- WHAT IS NEEDED -
All lines with the word "Turin" are to be found and copied from the listing.

- COLLECTED MATERIAL -
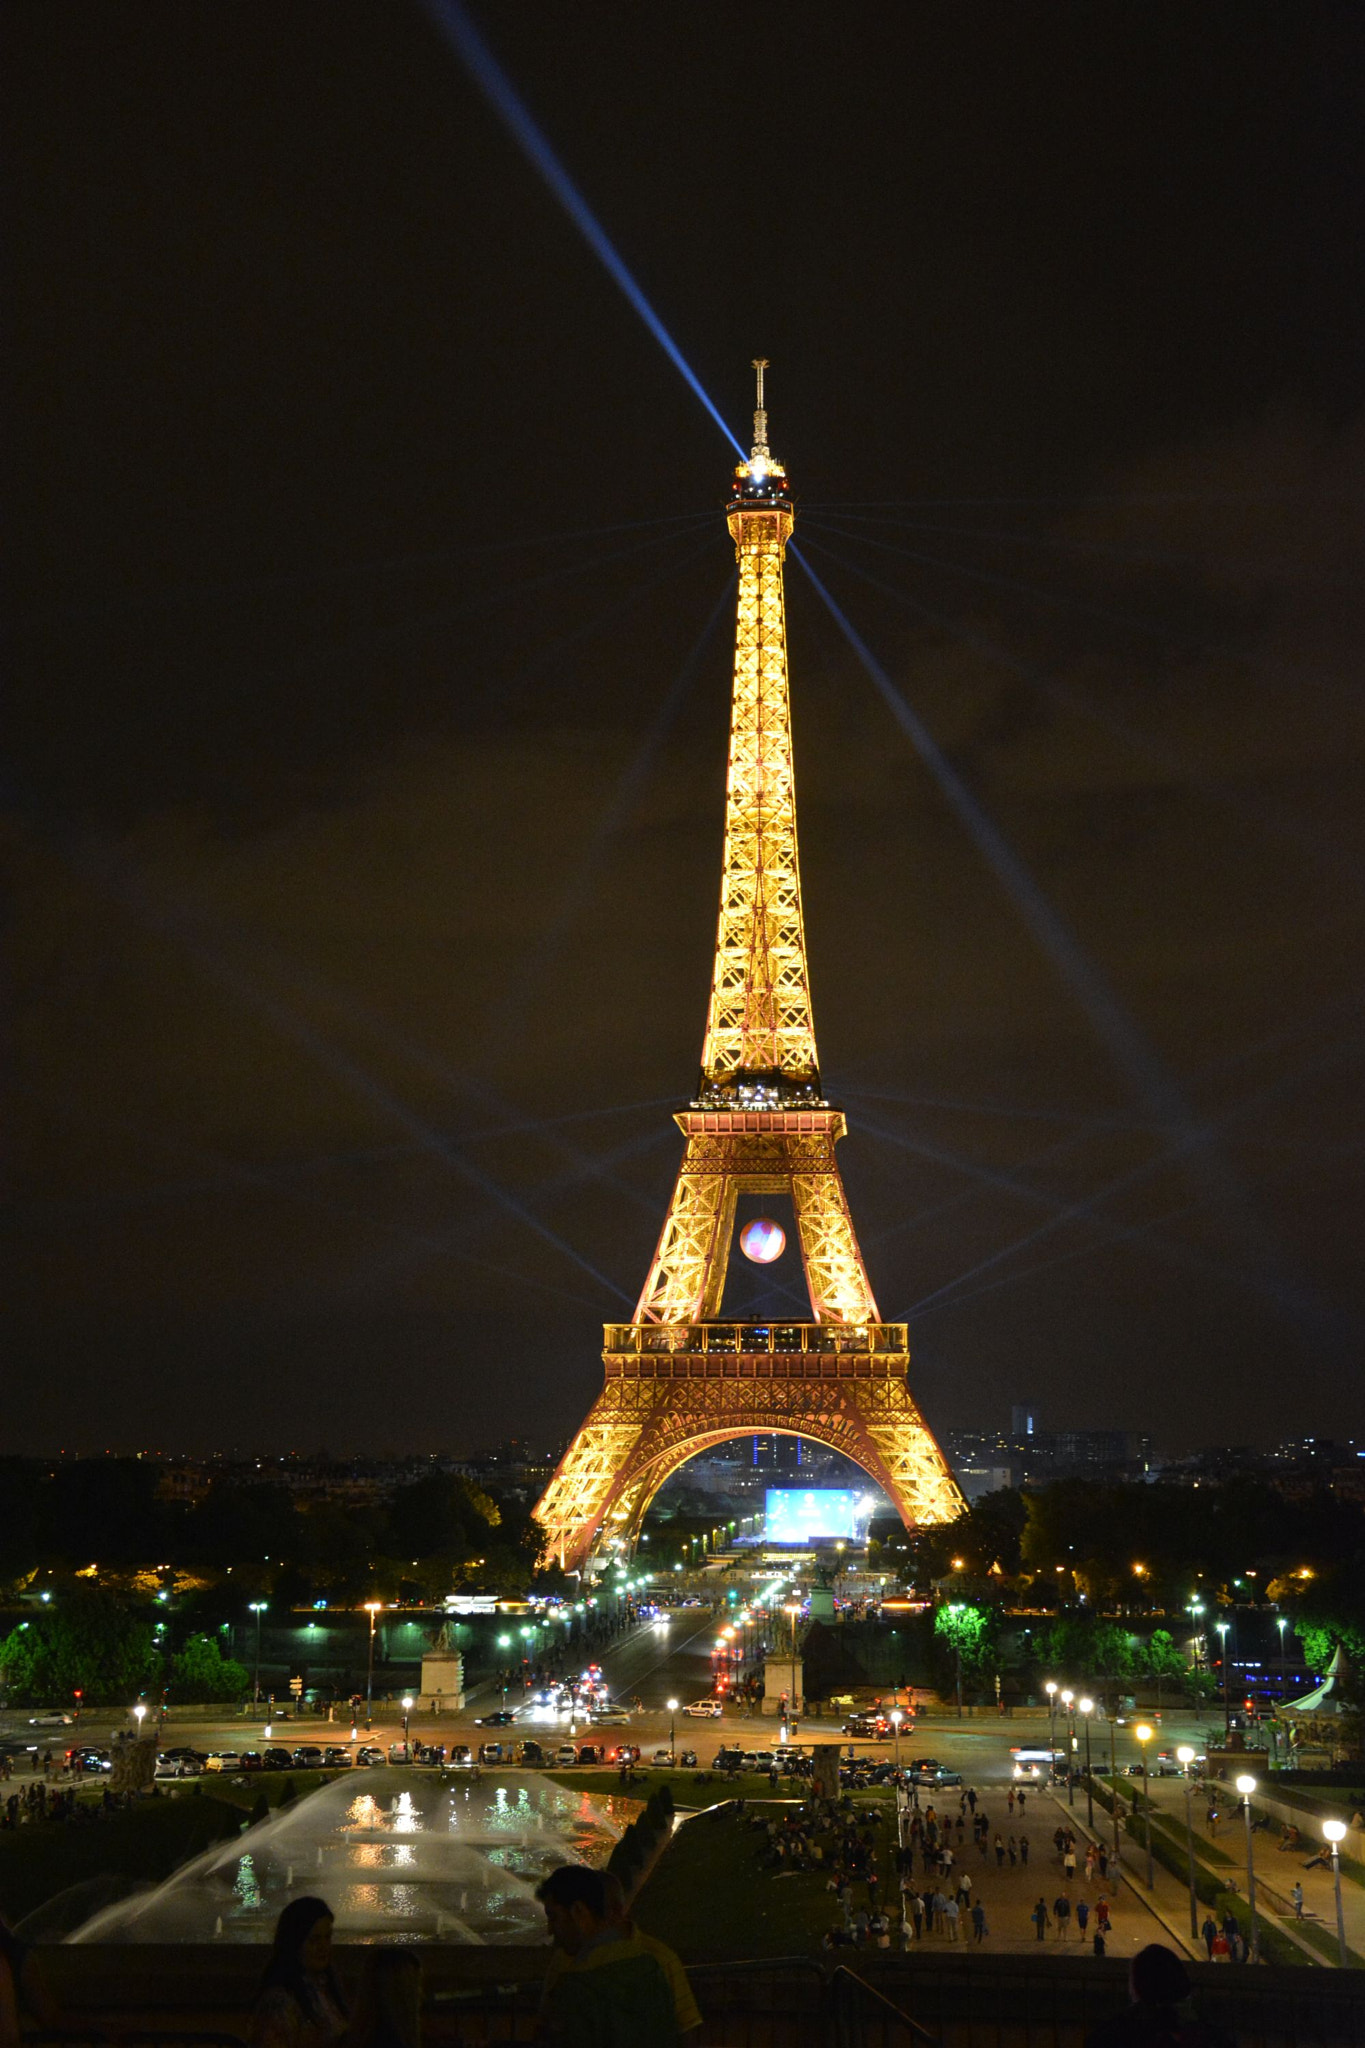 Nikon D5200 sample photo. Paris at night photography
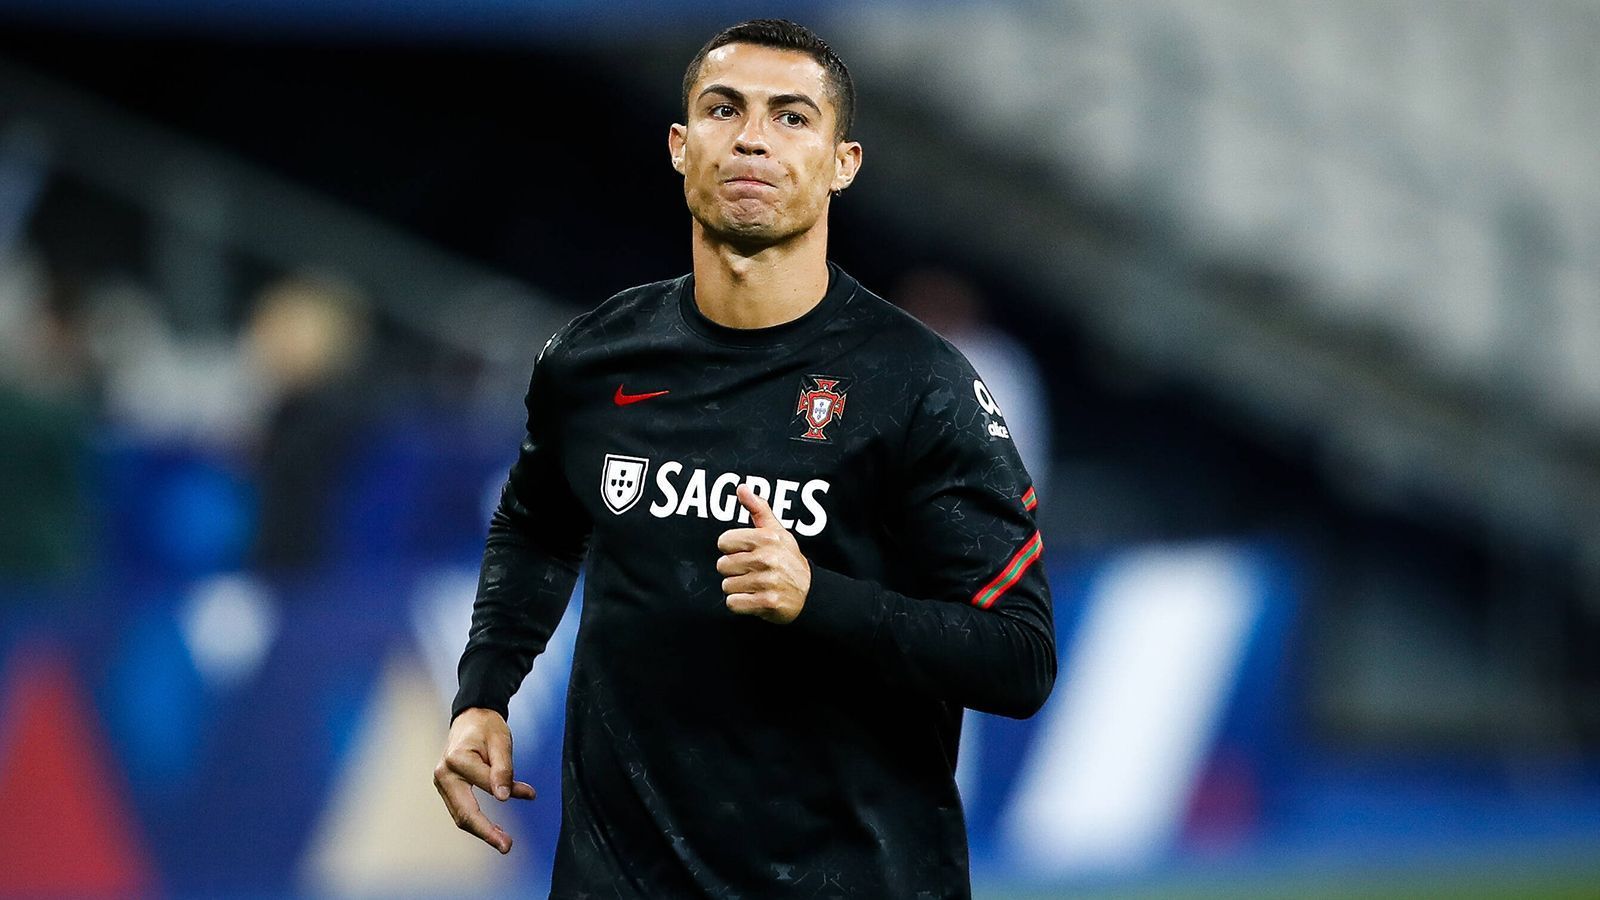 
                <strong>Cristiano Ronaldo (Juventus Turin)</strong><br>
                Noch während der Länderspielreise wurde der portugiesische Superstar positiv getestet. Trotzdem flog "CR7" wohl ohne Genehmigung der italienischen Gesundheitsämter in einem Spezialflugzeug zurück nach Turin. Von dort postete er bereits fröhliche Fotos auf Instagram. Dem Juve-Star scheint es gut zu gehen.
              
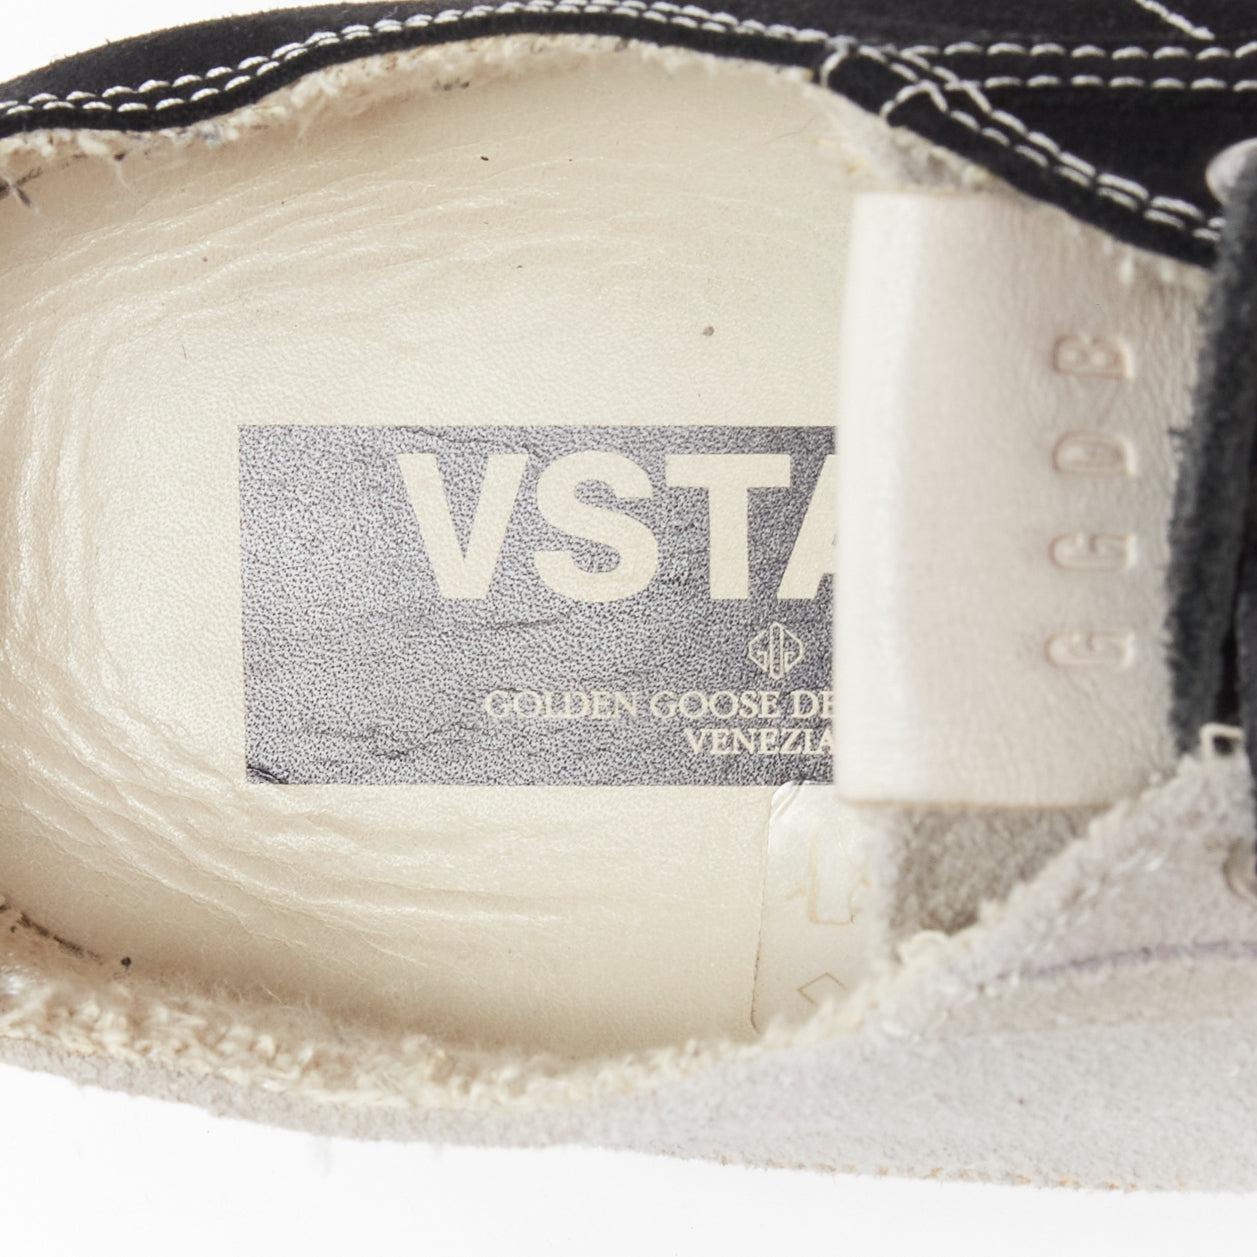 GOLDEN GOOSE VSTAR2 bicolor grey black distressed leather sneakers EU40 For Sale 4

- EXPECTED ANSWER -
                <strong>Cristiano Ronaldo (Juventus Turin)</strong><br>
                Noch während der Länderspielreise wurde der portugiesische Superstar positiv getestet. Trotzdem flog "CR7" wohl ohne Genehmigung der italienischen Gesundheitsämter in einem Spezialflugzeug zurück nach Turin. Von dort postete er bereits fröhliche Fotos auf Instagram. Dem Juve-Star scheint es gut zu gehen.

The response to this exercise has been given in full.